- The paper presents a novel framework where SEAgent autonomously learns to master diverse software through experiential trial-and-error learning.
- It employs a unique curriculum generator and specialist-to-generalist strategy to progressively evolve task complexity and improve agent performance.
- Evaluation across multiple environments shows significant improvements in success rates (from 11.3% to 34.5%), demonstrating the efficacy of its self-evolving methodology.
SEAgent: Self-Evolving Computer Use Agent with Autonomous Learning from Experience
Introduction to SEAgent Framework
The SEAgent framework introduces an innovative approach to the development of Computer Use Agents (CUAs) capable of autonomously exploring and mastering unfamiliar software through experiential learning. Unlike traditional methods that rely heavily on human-labeled data, SEAgent leverages a self-evolving framework to autonomously learn and adapt to novel software environments. This includes exploring new software applications, learning through iterative trial-and-error, and progressively enhancing its capabilities by auto-generating and tackling tasks organized from simple to complex.

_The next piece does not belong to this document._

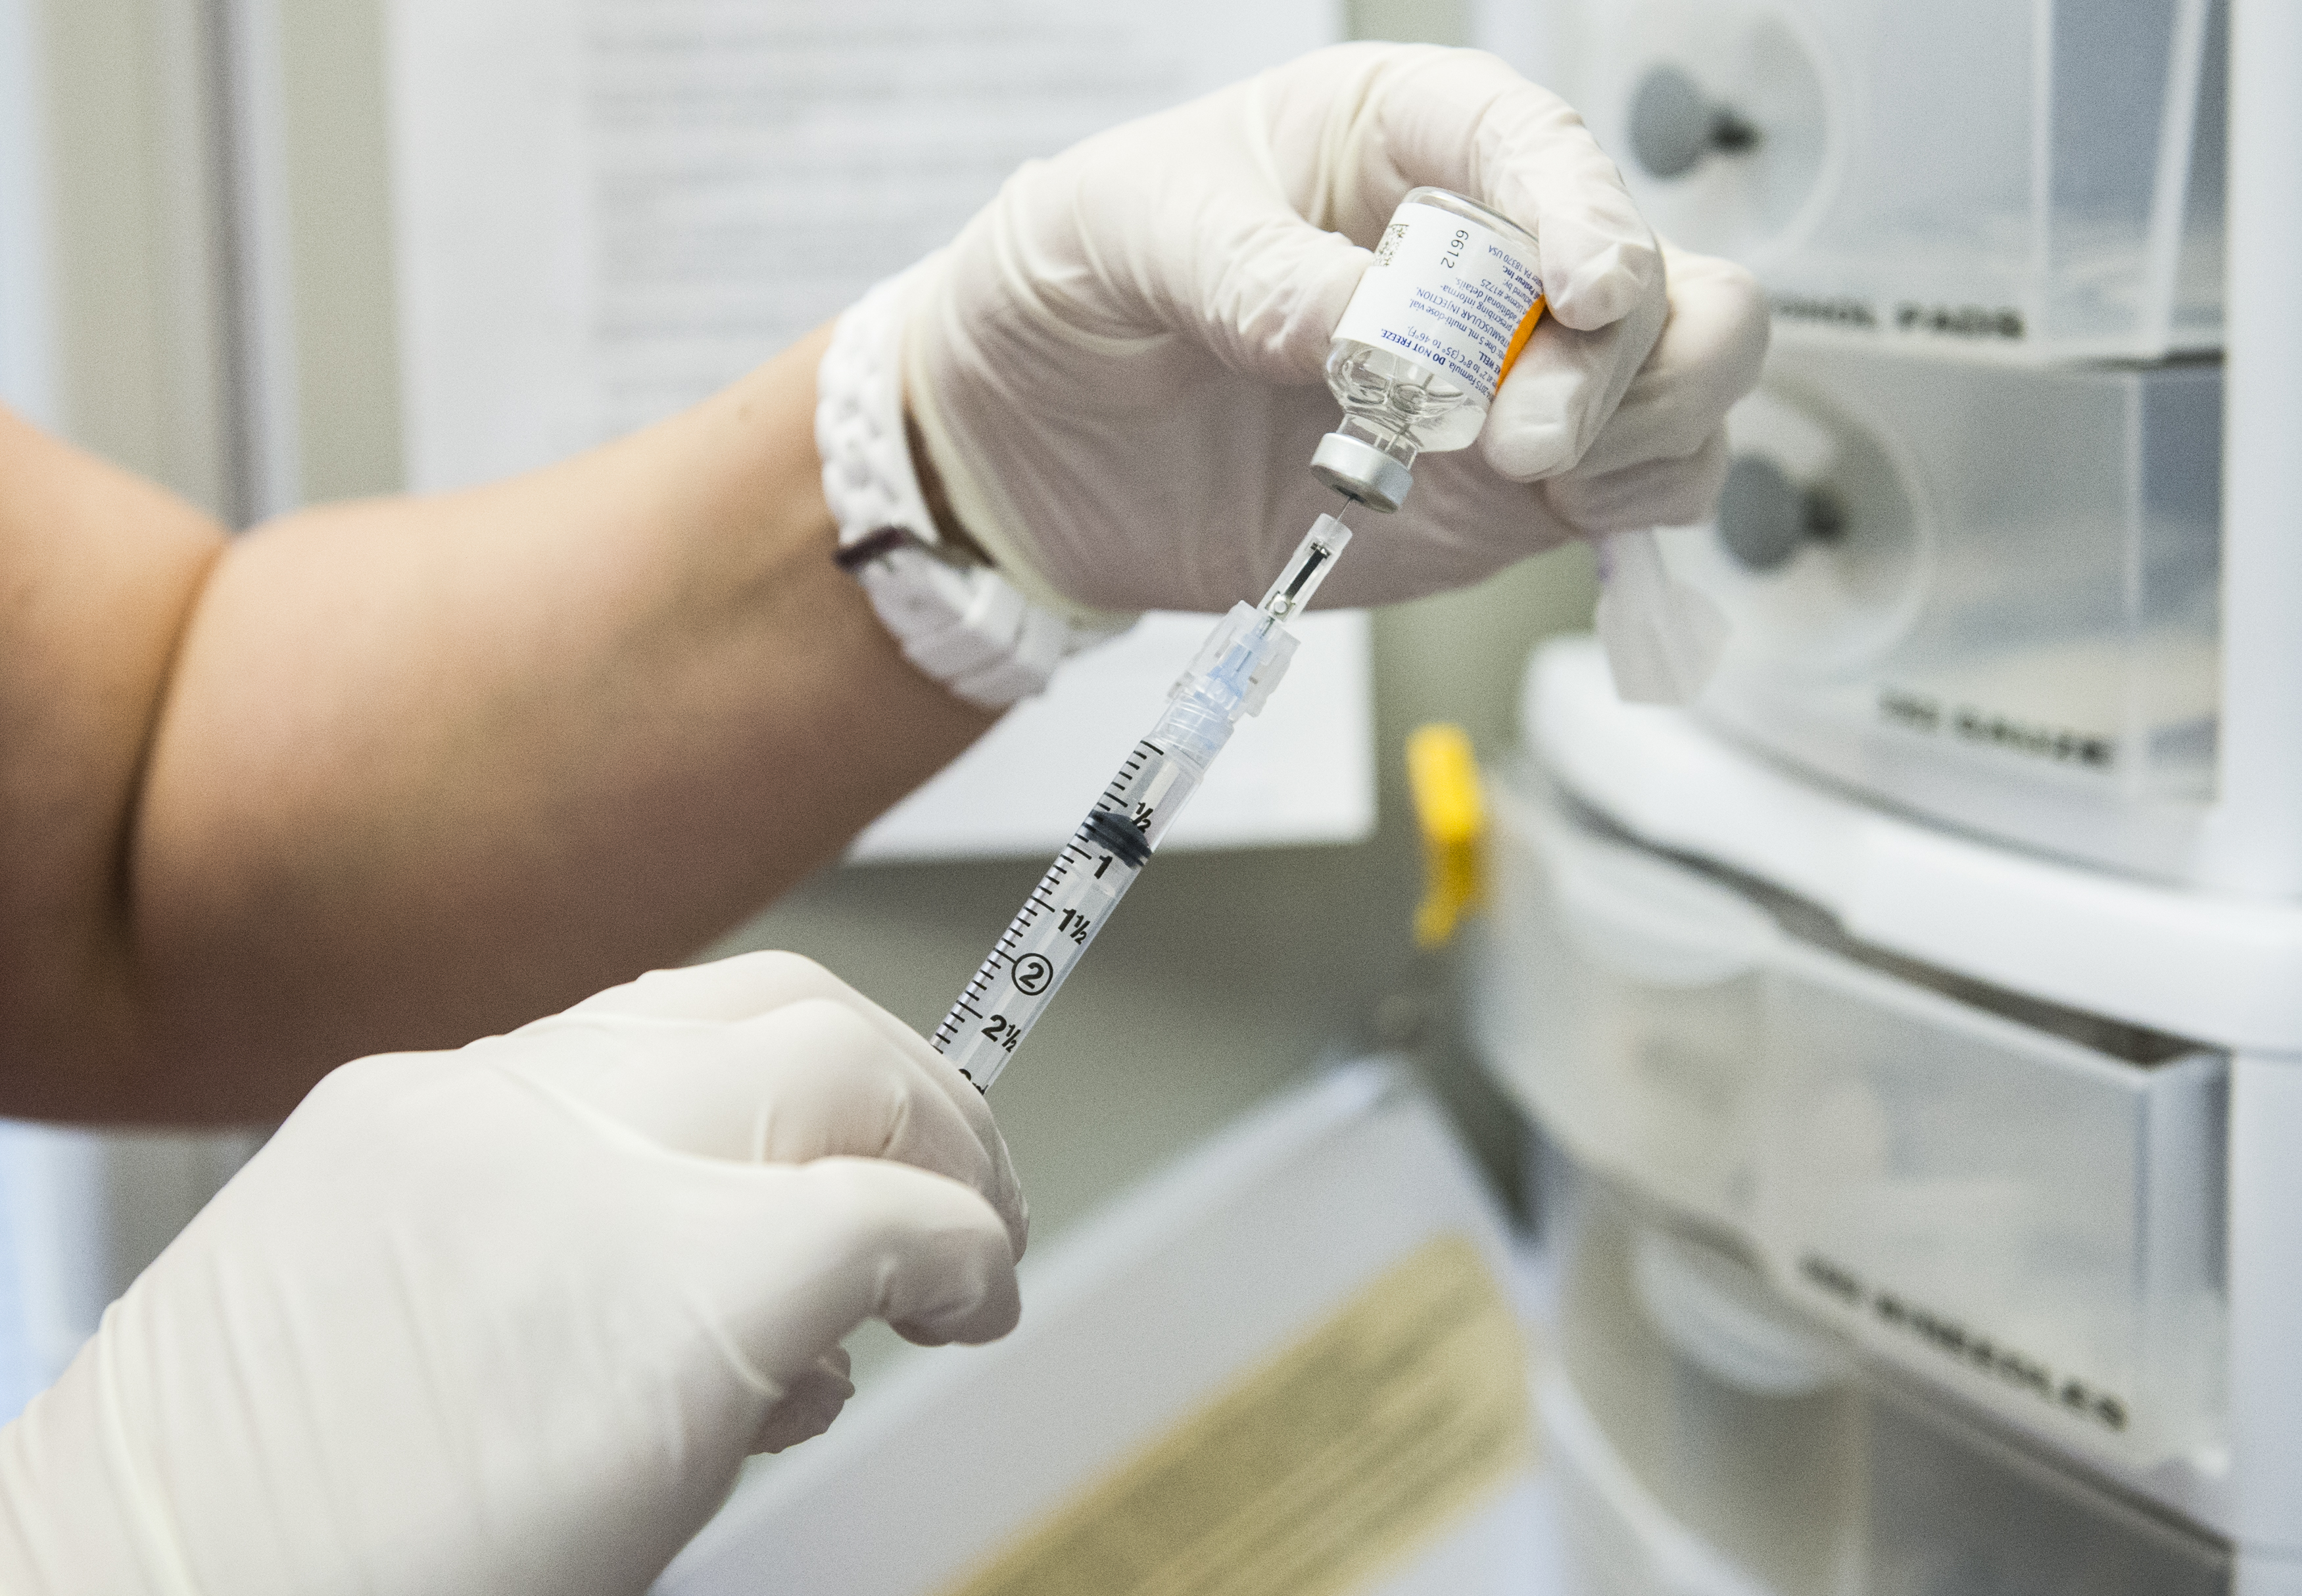 The flu vaccine is drawn from the vile into the needle at Crawford Kids Clinic in Aurora, Colorado. (Brent Lewis&amp; Denver Post via Getty Images)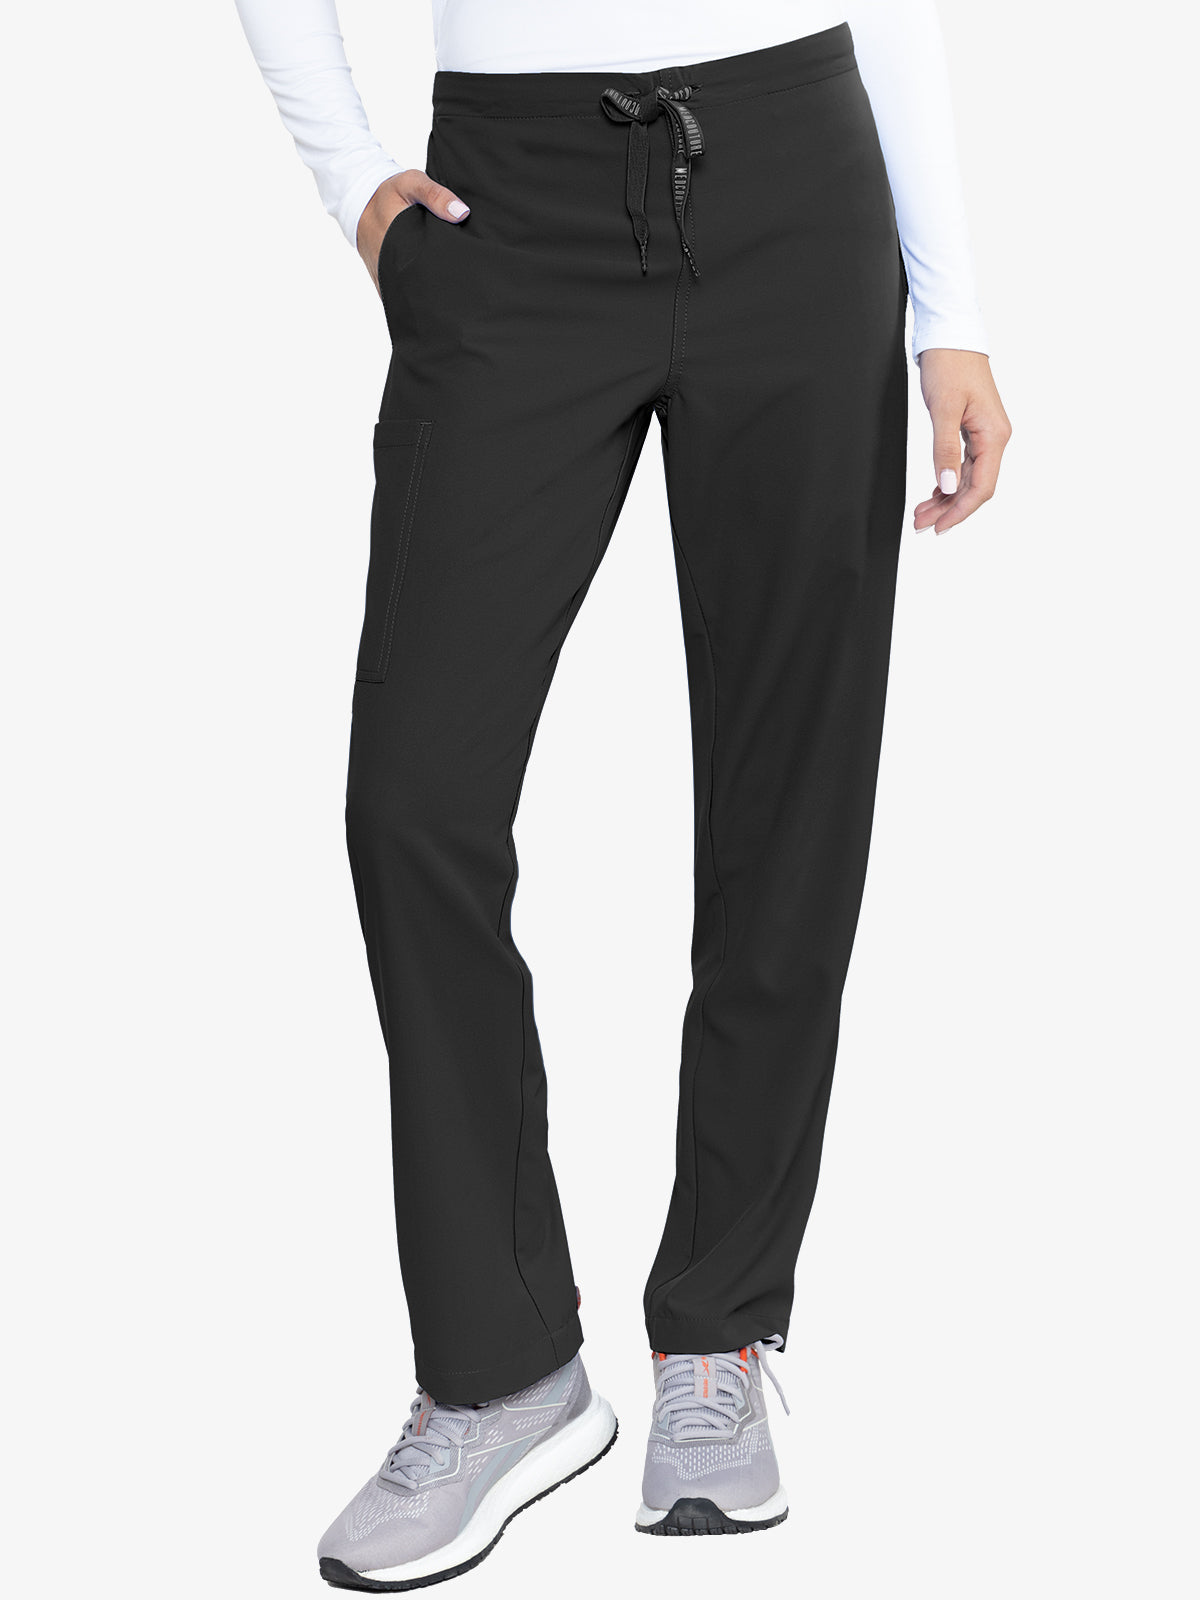 Med Couture Unisex Pant

SEAgent's architecture includes a World State Model for precise trajectory assessments and a Curriculum Generator that autonomously develops increasingly complex tasks. Additionally, SEAgent utilizes a specialist-to-generalist training strategy that allows the integration of individual specialist agents' insights, resulting in a robust generalist CUA capable of continuous autonomous evolution.
Autonomous Exploration and Learning Pipeline
The SEAgent architecture enables CUAs to operate autonomously via a novel autonomous exploration and experiential learning pipeline. This involves several core components: the Actor Model for task execution, the World State Model for environmental feedback, and the Curriculum Generator for task evolution.
Figure 1: SEAgent autonomous exploration and experiential learning pipeline. Guided by tasks generated by the Curriculum Generator, the Actor Model is updated according to step-level rewards from the World State Model through verifiable reward functions tailored for different action types.
Key Components:
- Actor Model: Executes actions according to the current policy and derives lessons from the task feedback.
- World State Model: Provides detailed success/failure analyses and feedback for each action, enhancing experiential learning.
- Curriculum Generator: Develops a curriculum of tasks that progressively challenge the Actor Model, facilitating autonomy in exploration and learning.
Reinforcement Learning from Experience
SEAgent leverages Reinforcement Learning (RL) from experience to refine its actions and policies. It uses both adversarial imitation to penalize failure actions and Group Relative Policy Optimization (GRPO) to reward correct ones. This methodology diverges from traditional RL methods by emphasizing step-level learning, allowing CUAs to adaptively enhance their operational proficiency across diverse software environments.
Specialist-to-Generalist Training Strategy
One innovative aspect of SEAgent is its ability to convert specialized expertise into generalized proficiency. Initially, agents are trained as specialists in single software environments. This specialized knowledge is later generalized through supervised and reinforcement fine-tuning, allowing SEAgent to transcend the limitations of single-environment specialization and perform effectively across multiple applications.
Figure 2: SEAgent enables computer use agents self-evolving in novel environments by autonomously exploring and learning from their own experiences without human intervention.
The effectiveness of SEAgent is demonstrated across multiple software environments, significantly outperforming previous CUAs by improving success rates from 11.3% to 34.5% in various tests. This notable enhancement is attributed to SEAgent’s self-evolution strategy and robust architecture, which integrates experiential learning with sophisticated task evolution processes. The training strategy, marked by the specialist-to-generalist transition, facilitates superior generalization capabilities compared to conventional RL models.
Figure 3: Self-evolved task instructions and success rate (SR) curves across different software. Tasks are progressively upgraded by the Curriculum Generator without human intervention, based on the evolving capabilities of the Actor Model at different training phases.
Conclusion
SEAgent exemplifies a progressive step forward in autonomous agent development, demonstrating substantial advancements in self-evolution and cross-environment adaptability of CUAs. Through the integration of autonomous exploration, experiential learning, and the specialist-to-generalist training strategy, SEAgent effectively transcends traditional reliance on human-labeled data and sets a precedent for future developments in autonomous technology and AI applications. The ability to autonomously generate tasks and adaptively refine policies augments the potential for CUAs across a myriad of applications and environments, marking a significant milestone in AI research and development.